··· RECORDED INFORMATION ···
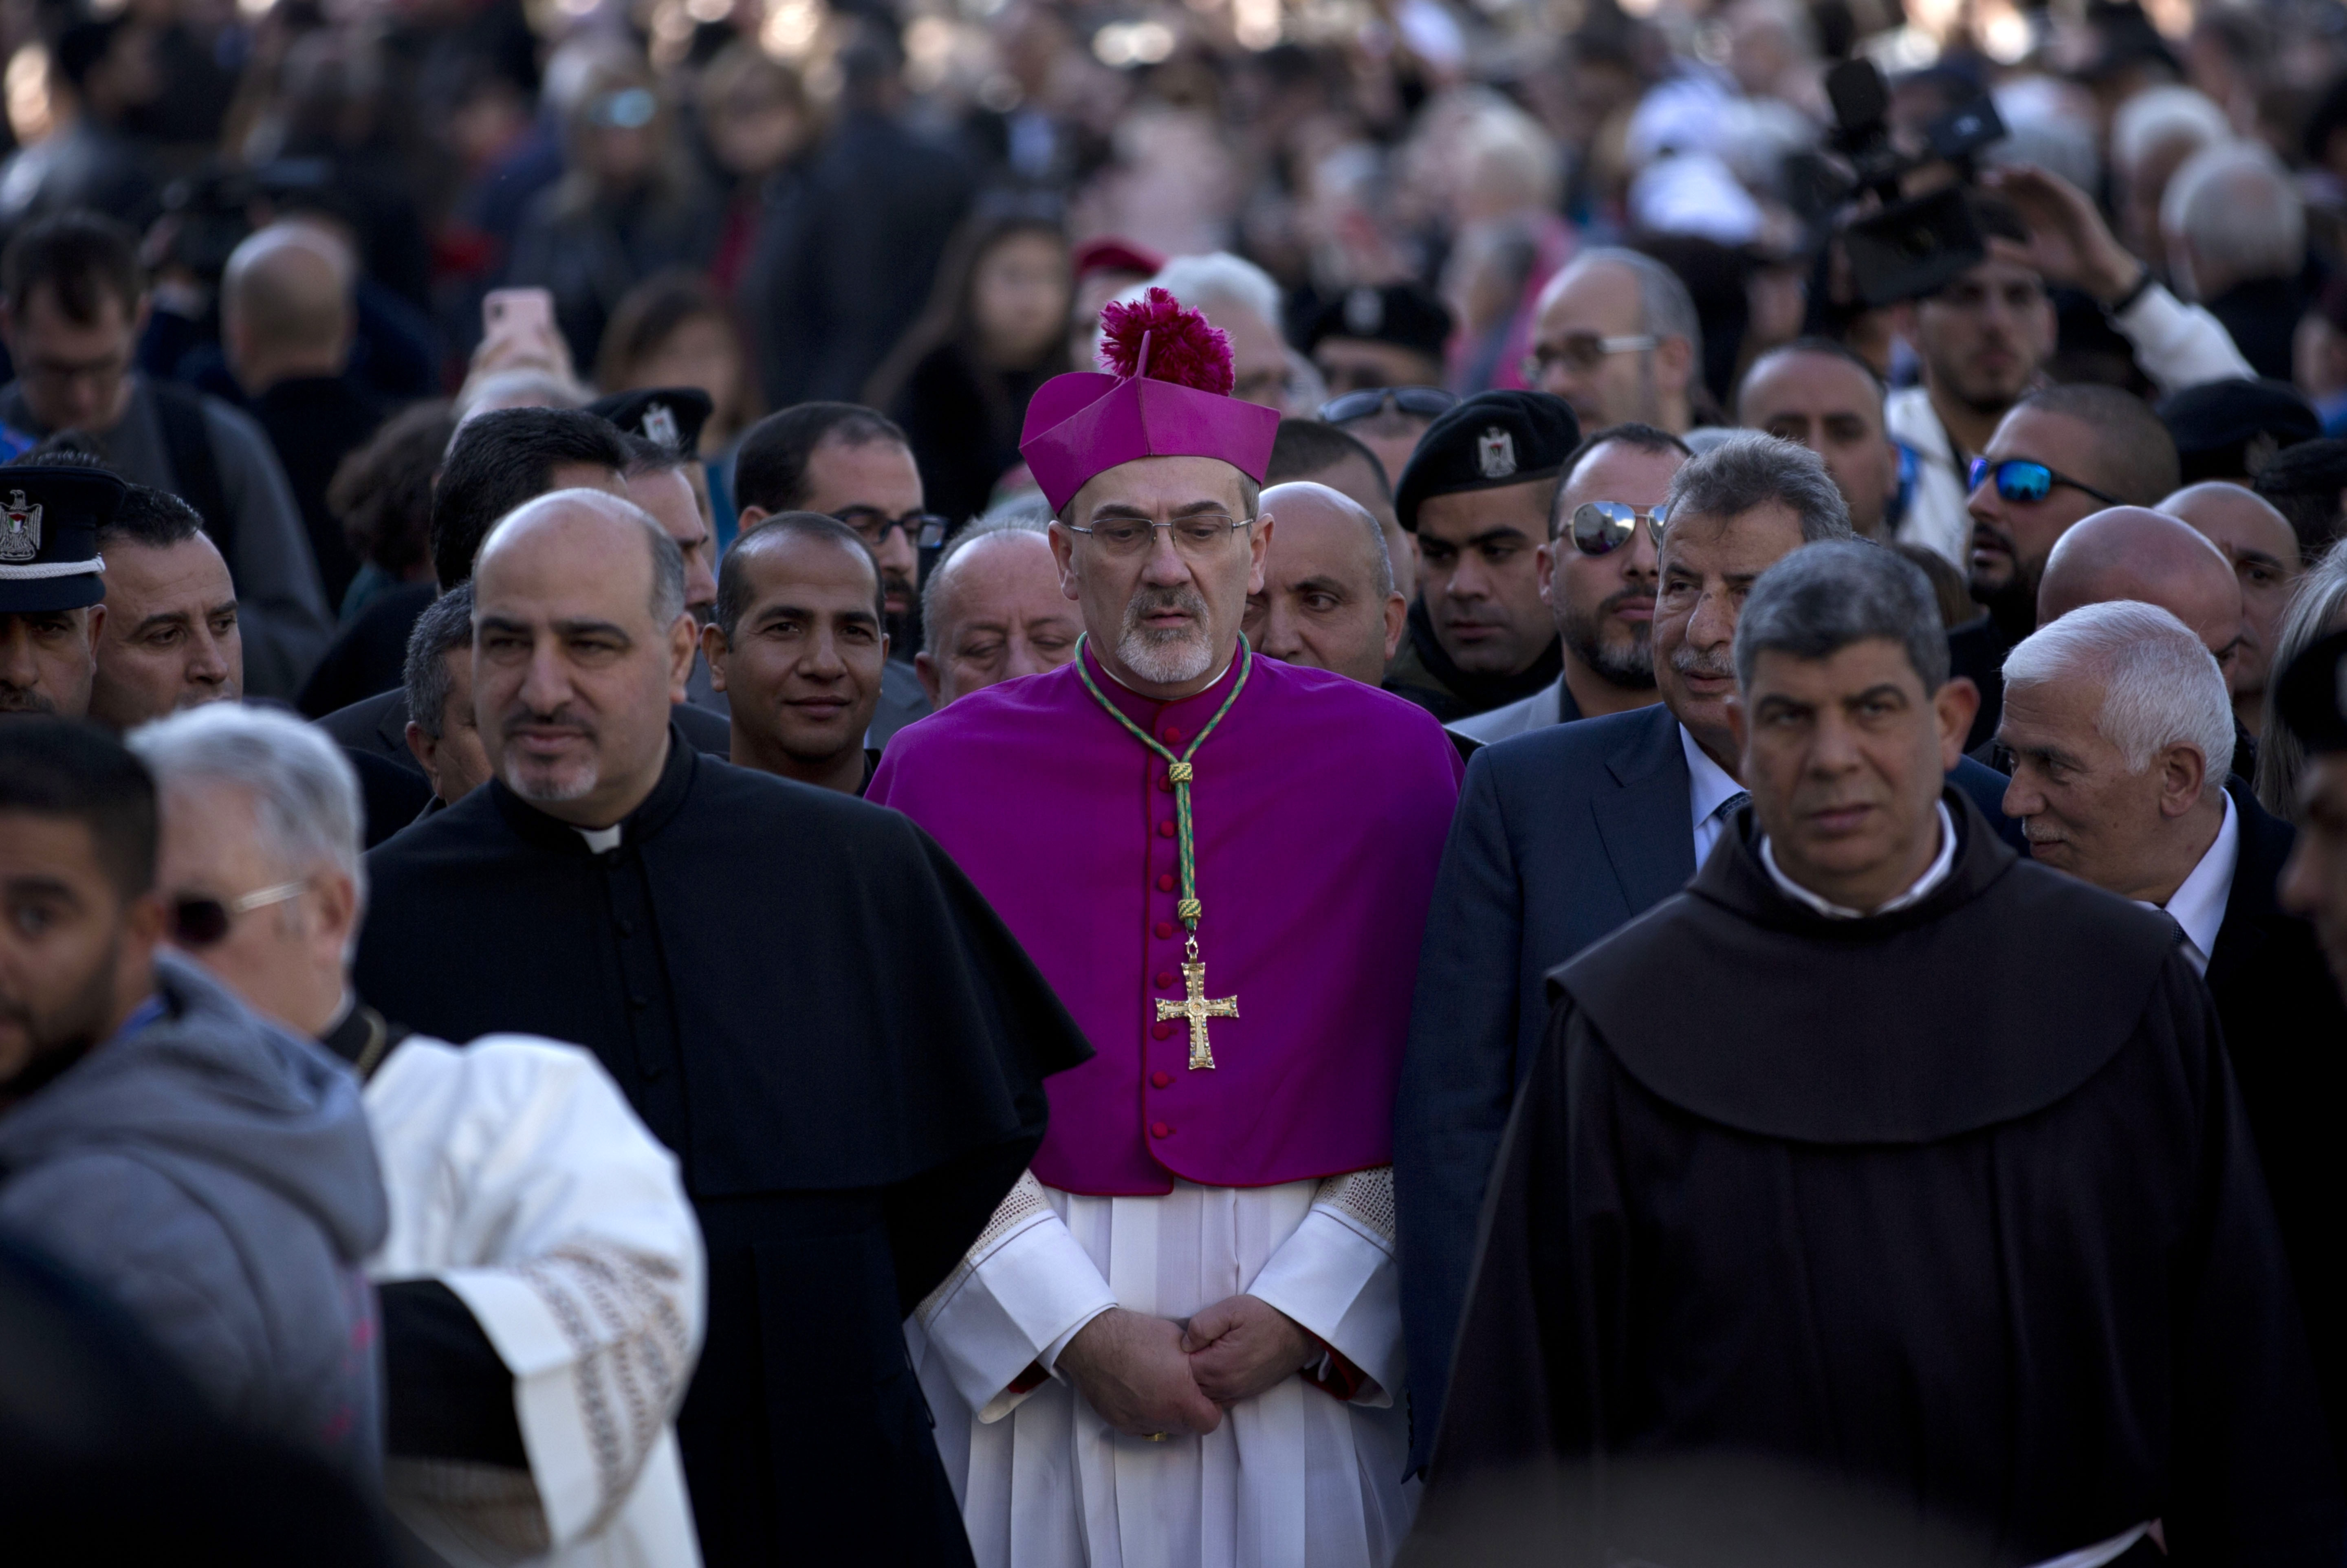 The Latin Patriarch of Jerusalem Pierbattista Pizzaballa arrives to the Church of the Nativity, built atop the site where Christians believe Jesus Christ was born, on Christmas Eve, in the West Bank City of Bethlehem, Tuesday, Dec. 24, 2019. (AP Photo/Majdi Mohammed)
···
··· RECORDED INFORMATION ···
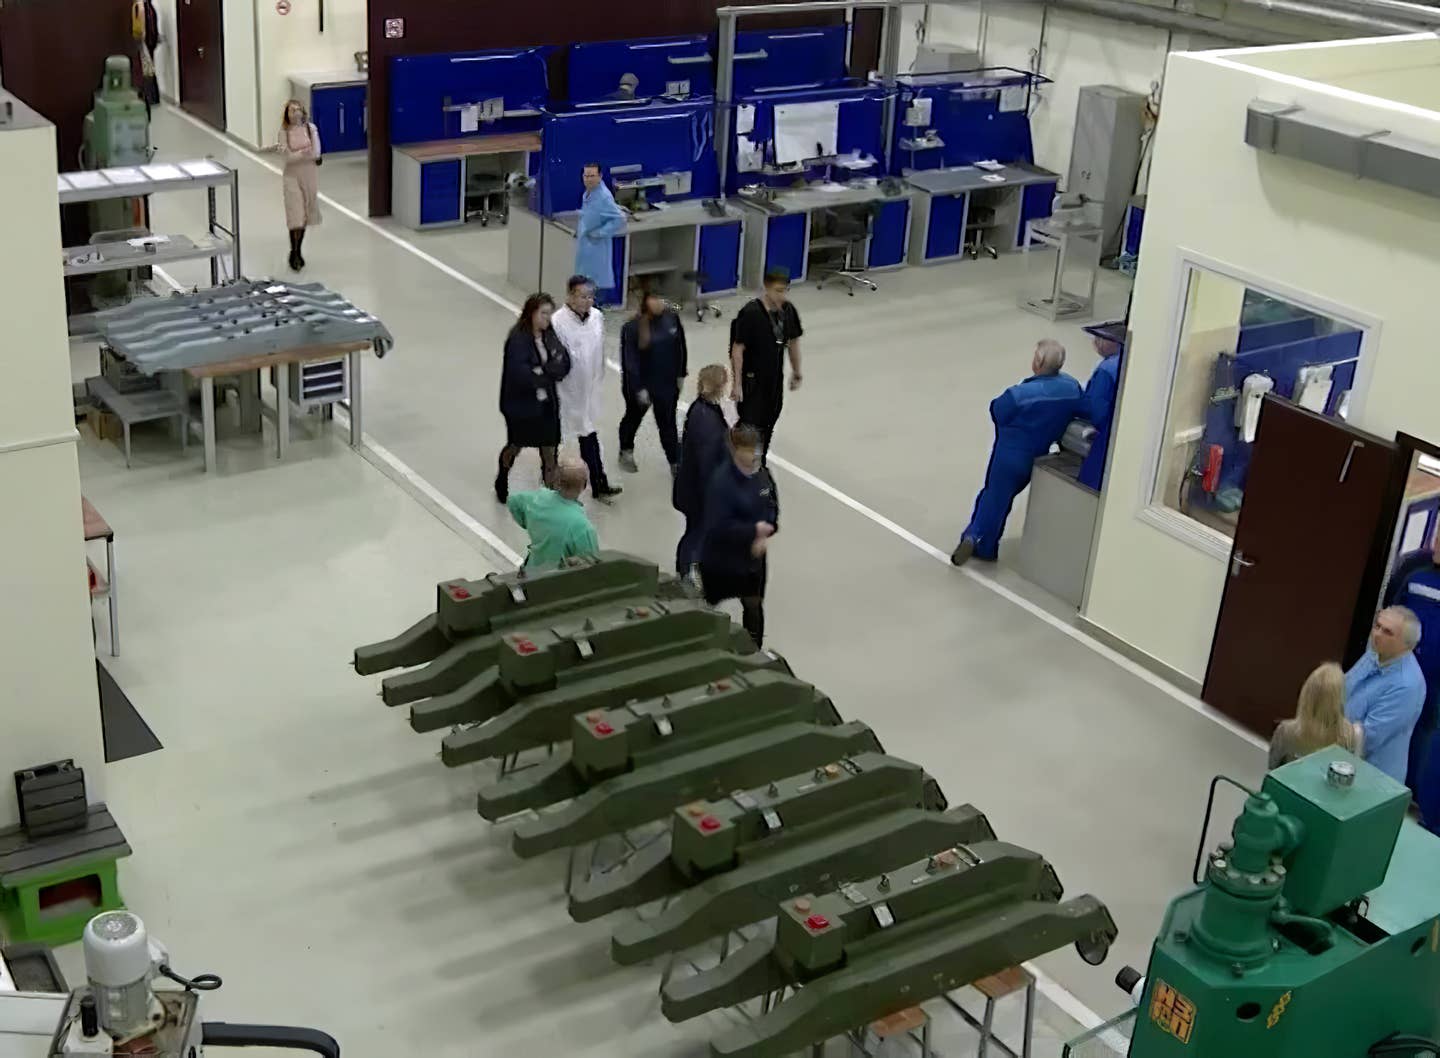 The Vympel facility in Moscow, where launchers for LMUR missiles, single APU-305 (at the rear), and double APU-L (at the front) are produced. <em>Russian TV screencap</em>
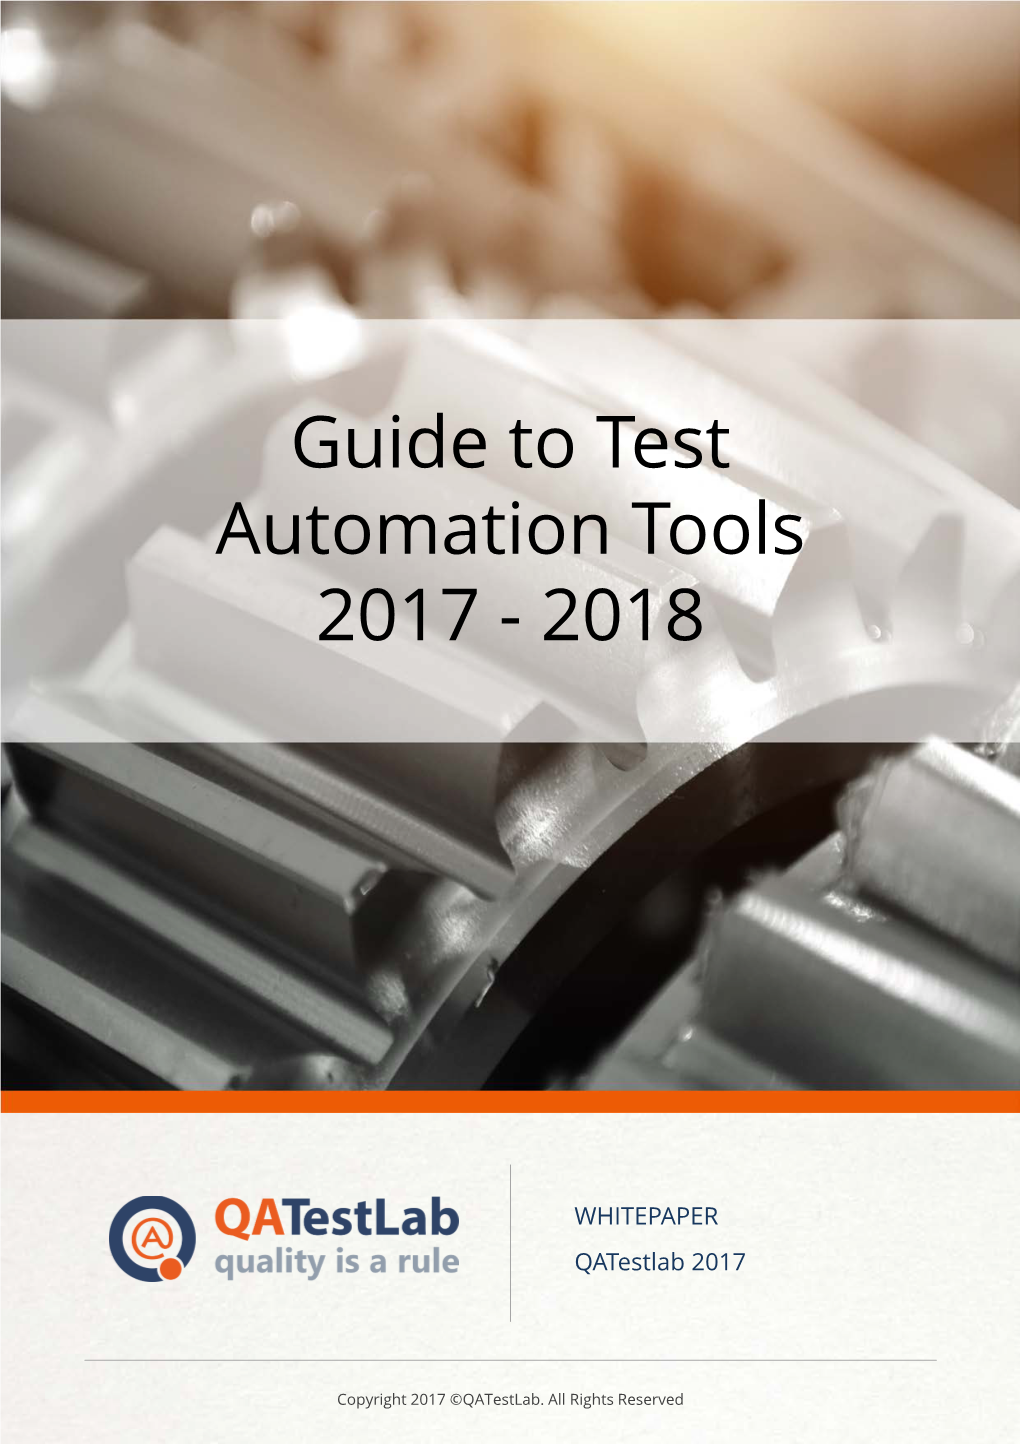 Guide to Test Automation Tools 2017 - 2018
···
··· RECORDED INFORMATION ···
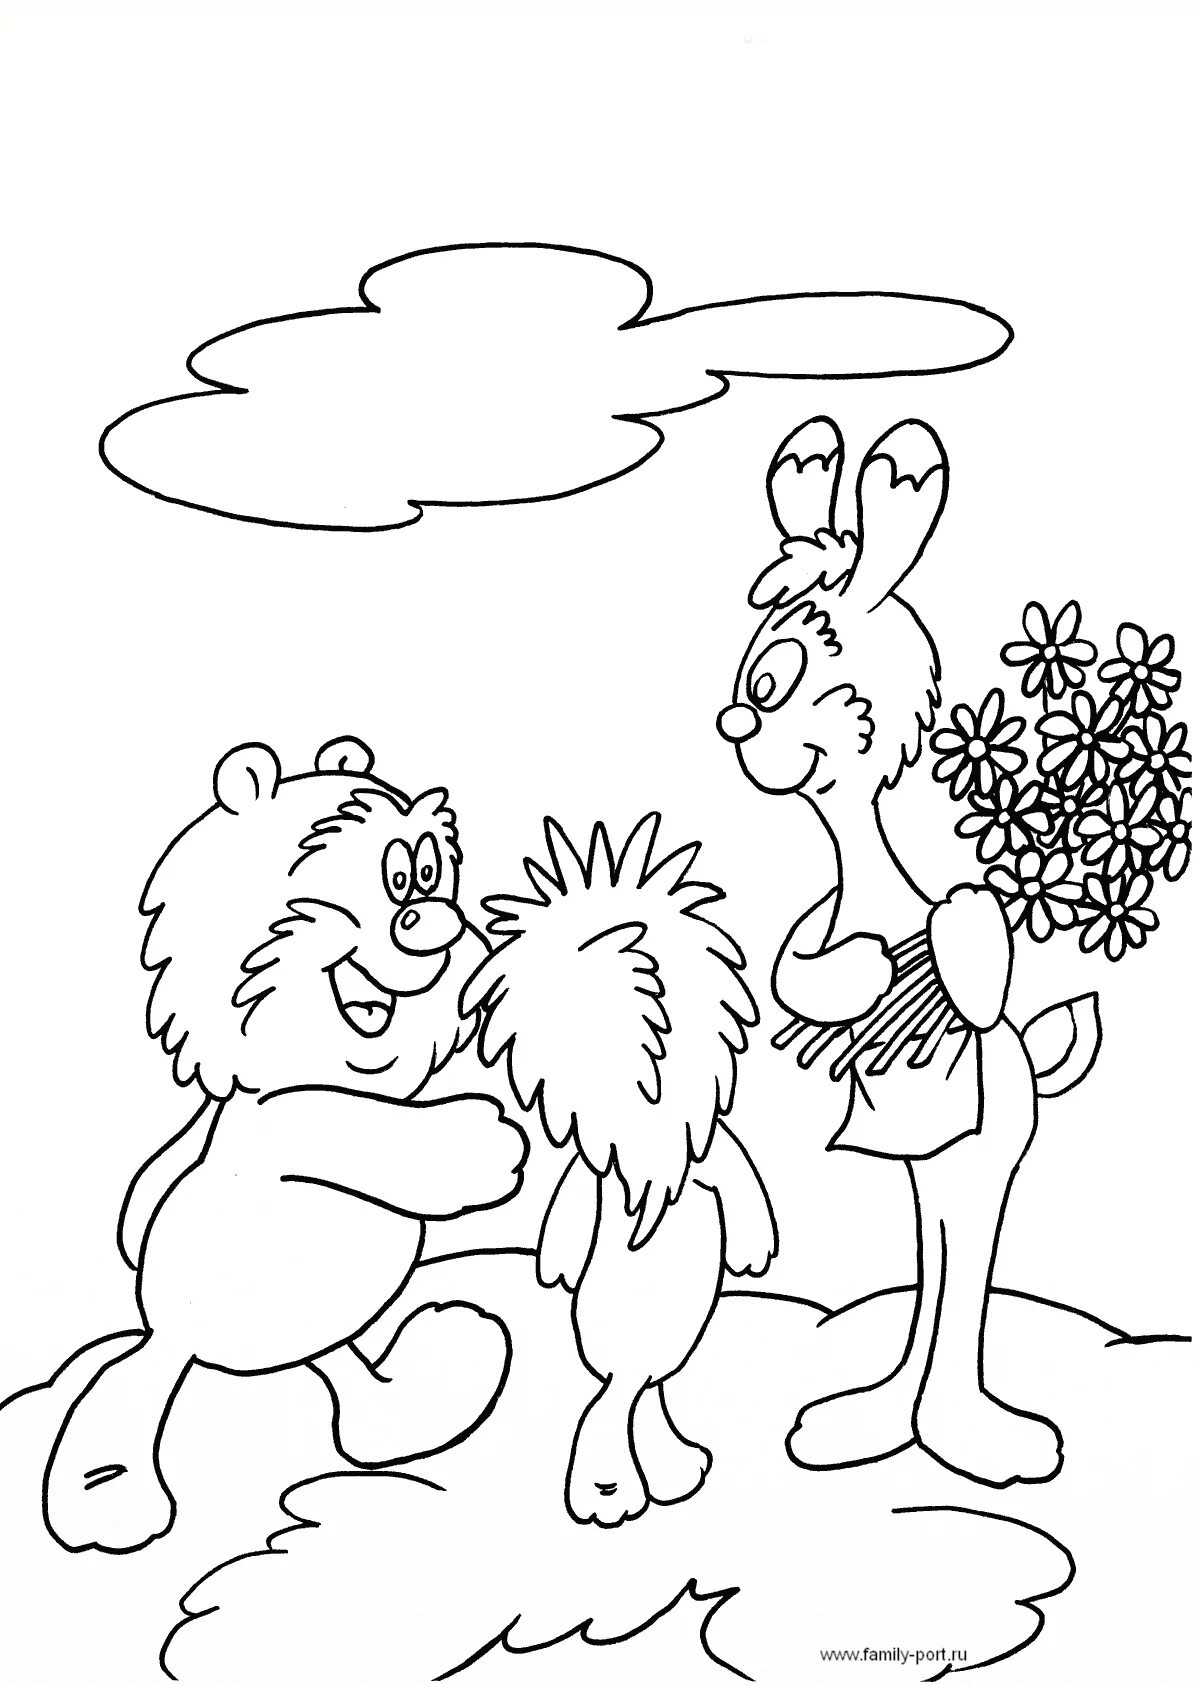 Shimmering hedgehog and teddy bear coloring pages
···
TASK TO COMPLETE ->
An exact copy is needed of the entries above, starting at the line that holds "The Vympel facility" and stopping at the line that holds "Guide to Test Automation Tools 2017 - 2018", both kept; pictures stay out.

TASK RESPONSE ->
 The Vympel facility in Moscow, where launchers for LMUR missiles, single APU-305 (at the rear), and double APU-L (at the front) are produced. <em>Russian TV screencap</em>
 Guide to Test Automation Tools 2017 - 2018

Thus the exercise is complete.